Fiz uma entrevista com a Uber, que na época prezava muito pela qualidade do atendimento, pois ainda buscava ganhar mercado. Passei por um treinamento, avaliação psicológica e outras etapas. O atendimento era premium: abrir portas, oferecer balas, água. Fui aprovado. Levei cerca de três semanas para começar, pois nunca tinha trabalhado como motorista, e foi assim que entrei nesse universo.
Acabei me acomodando, pois o gosto pela autonomia, mesmo sendo controlado pelo aplicativo, é algo atrativo. Você tem liberdade de tempo e espaço. Além disso, naquela época, havia muitos incentivos e eu ganhava bem mais do que no meu antigo emprego CLT. Peguei tanto a fase boa quanto a ruim, e já estou há quase 10 anos nessa jornada, desde setembro de 2015.
Há cerca de um ano e meio, comecei minha trajetória como influenciador. Após quase nove anos como motorista, percebi que a situação estava cada vez mais difícil: rendimentos menores e uma falta de perspectiva de crescimento. Como motorista, você fica estacionado.

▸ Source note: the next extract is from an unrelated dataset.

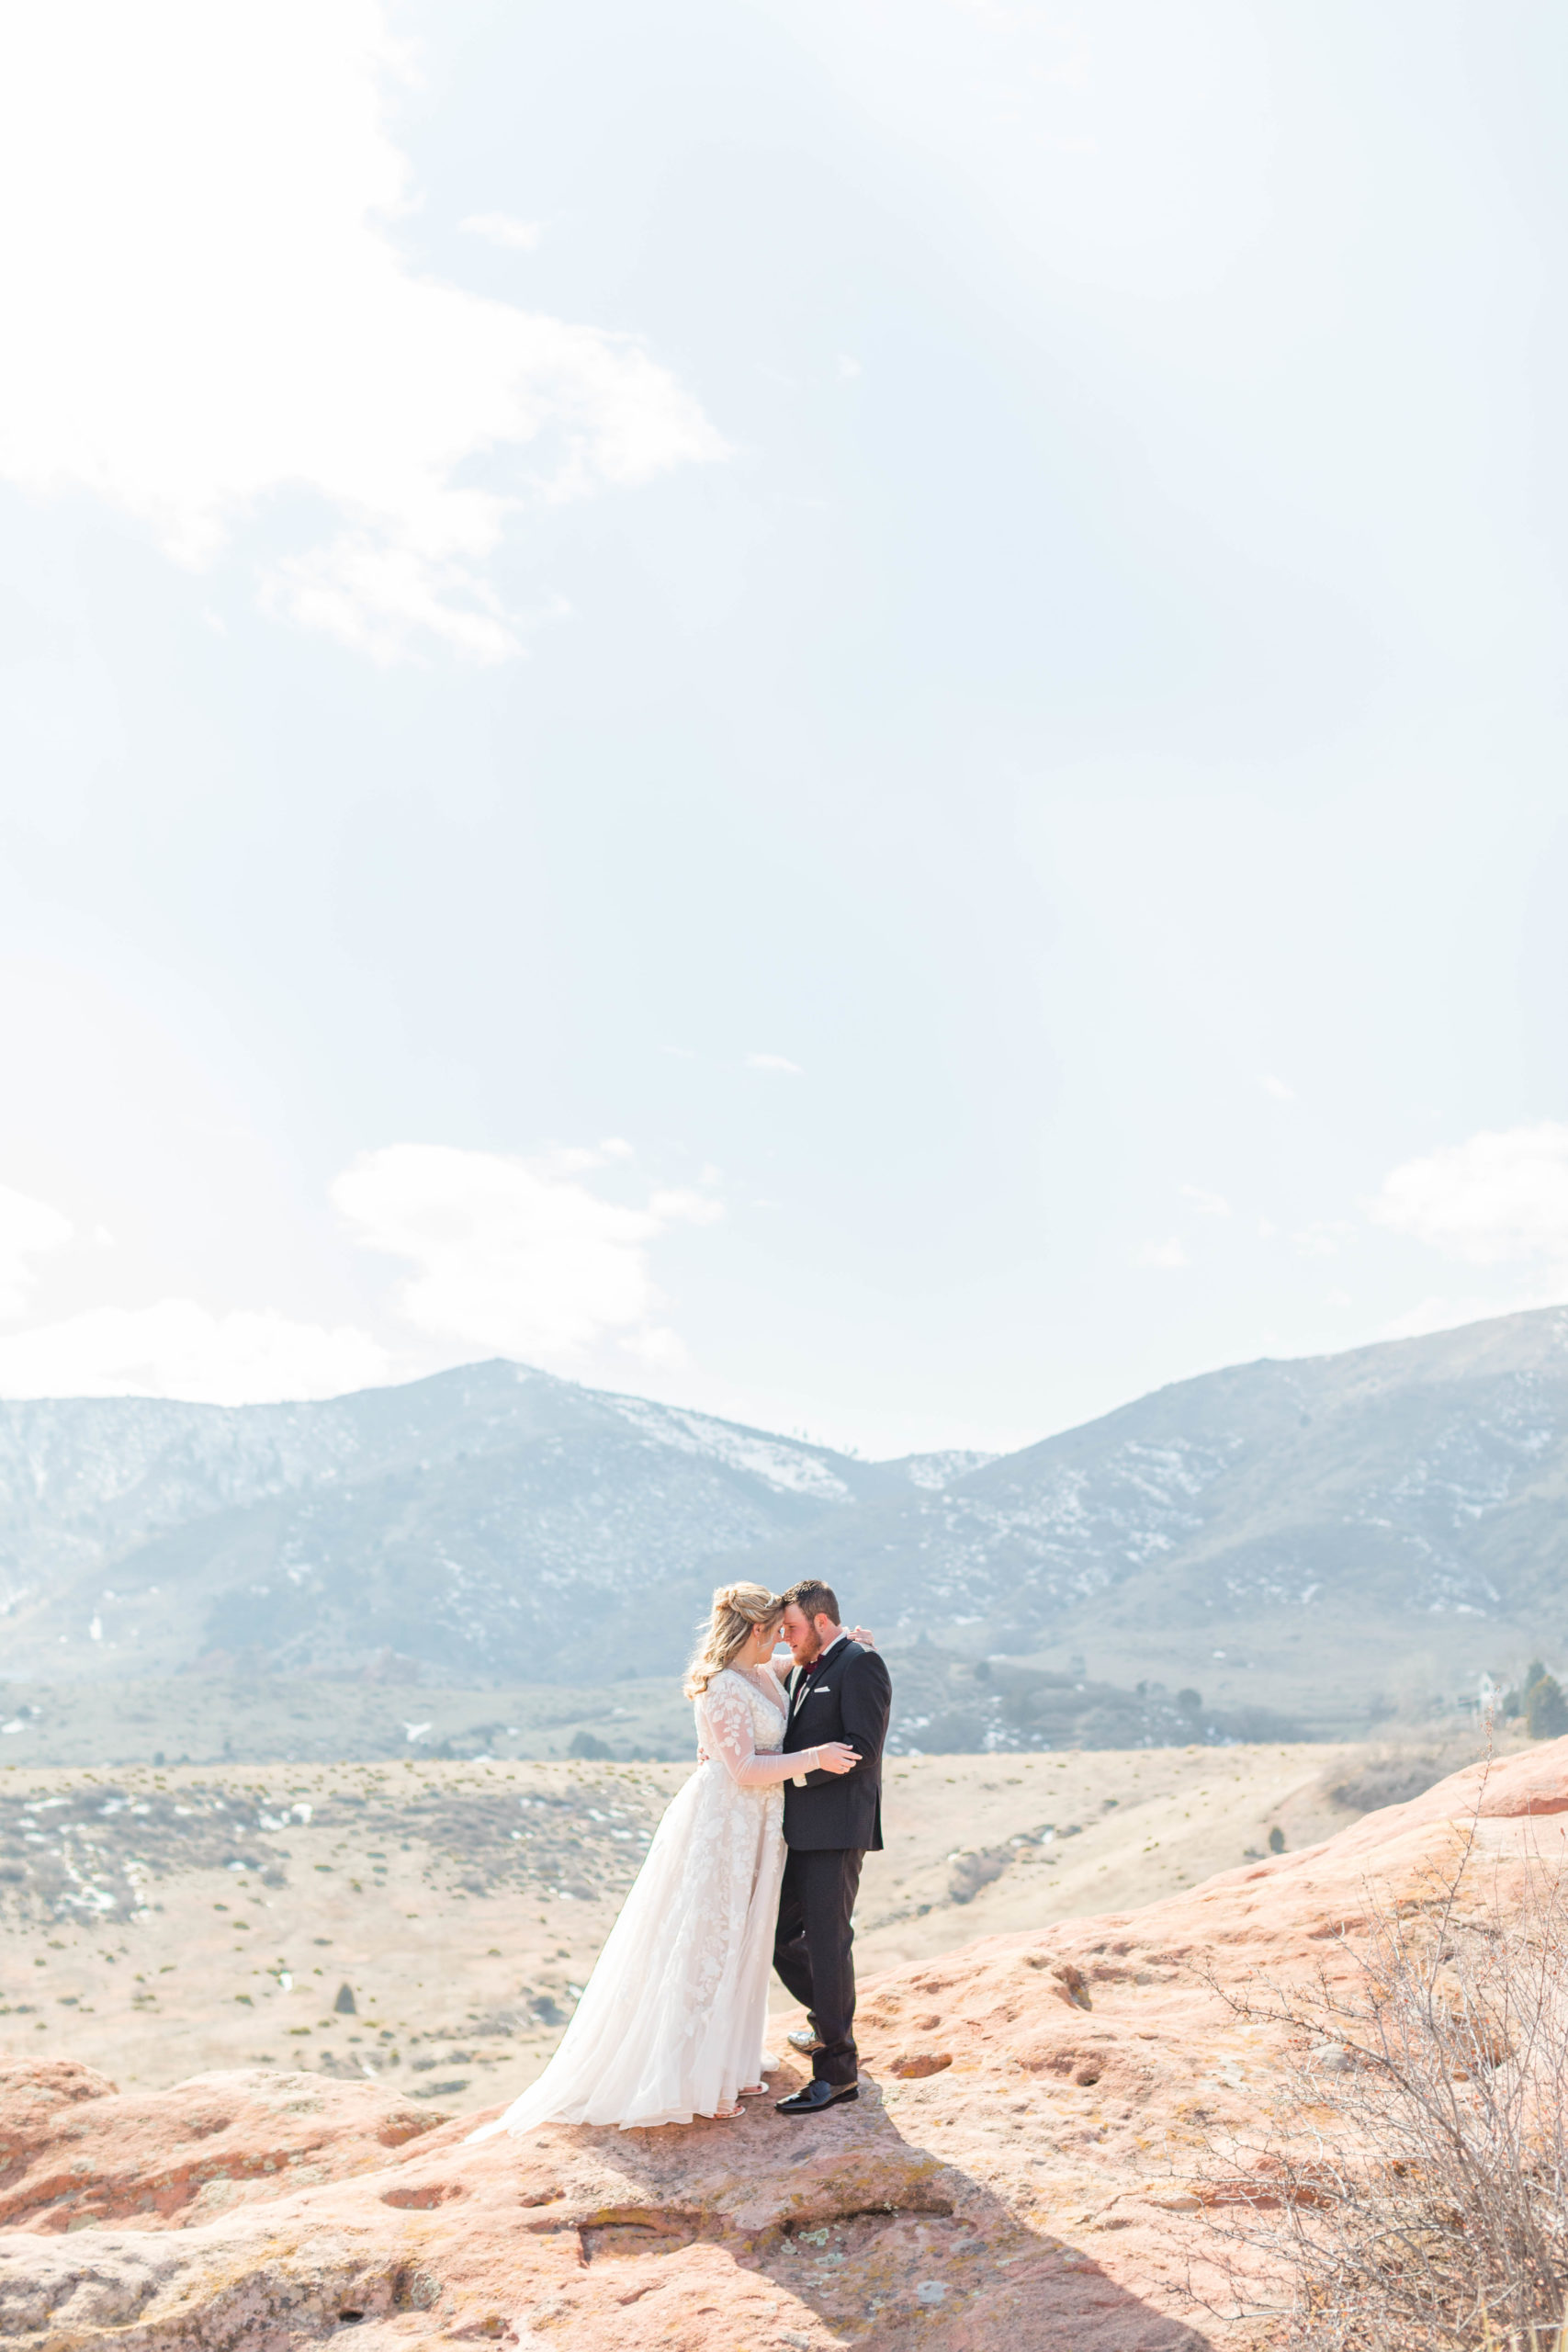 Ken Caryl Vista Wedding shot by Jessica Brees, Littleton Wedding Photographer and Videographer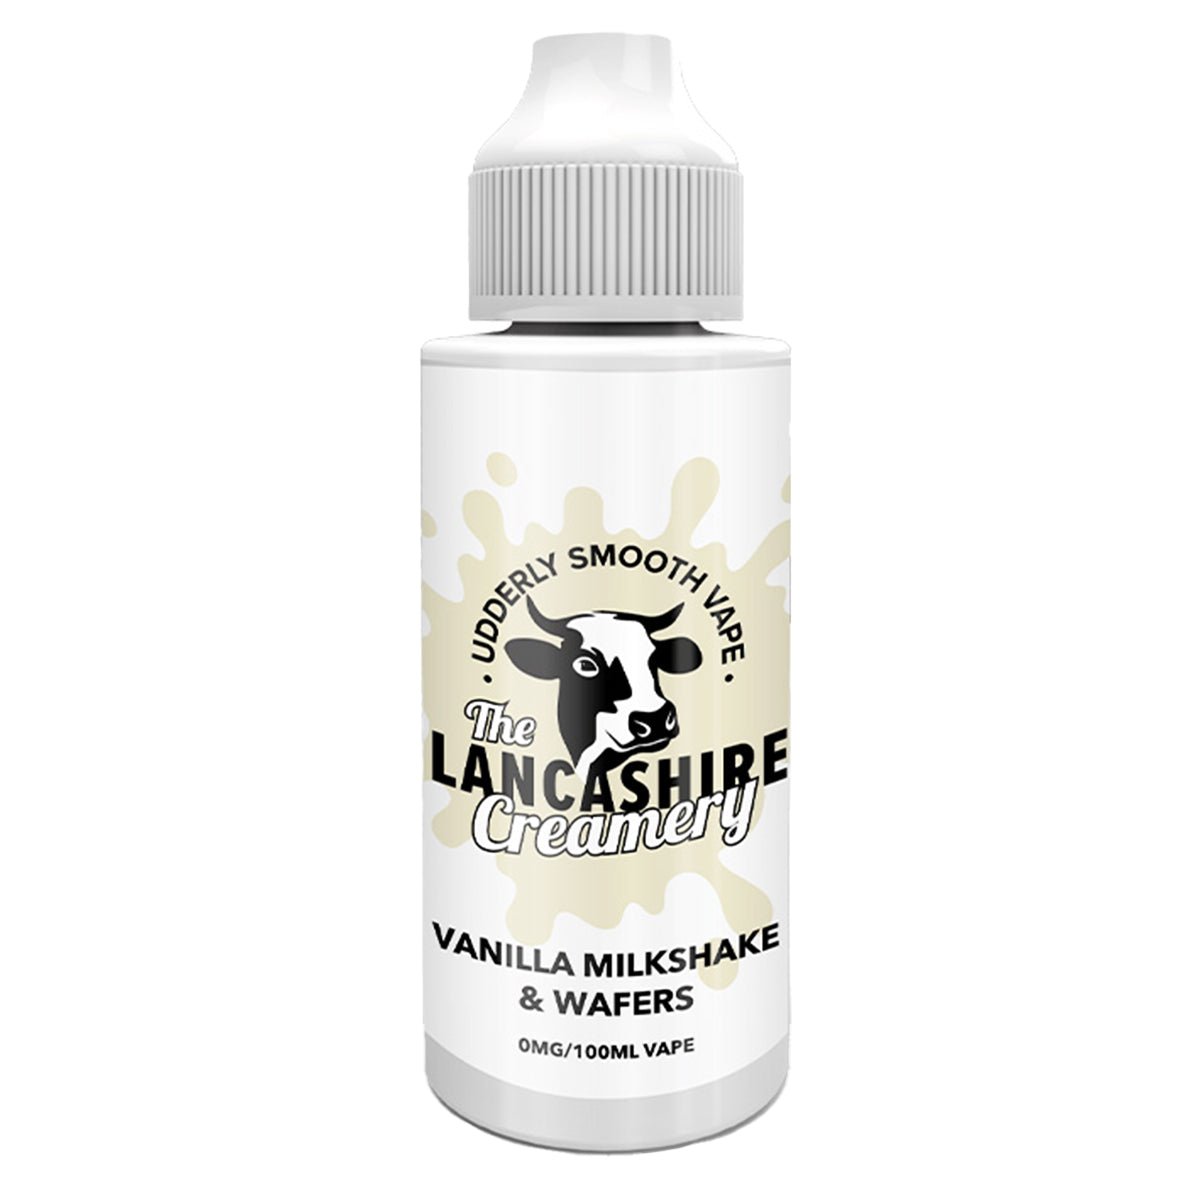 Vanilla Milkshake & Wafers 100ml Shortfill By The Lancashire Creamery - Prime Vapes UK

Apesar de ser possível ter uma boa renda, até melhor do que muitos empregos no mercado, o problema é que não há crescimento.
Refleti muito sobre isso e decidi que precisava fazer algo diferente. Ao mesmo tempo, percebi que estava ficando defasado na minha profissão original e que, para voltar ao mercado de tecnologia, precisaria me atualizar e estudar novamente. Sempre assisti muitos canais de influenciadores de motoristas e comecei a pensar que, com a experiência que acumulei e o meu domínio de tecnologia, poderia criar algo no YouTube. Inicialmente, era mais uma válvula de escape, mas também pensei: “Quem sabe ganho um extra?”.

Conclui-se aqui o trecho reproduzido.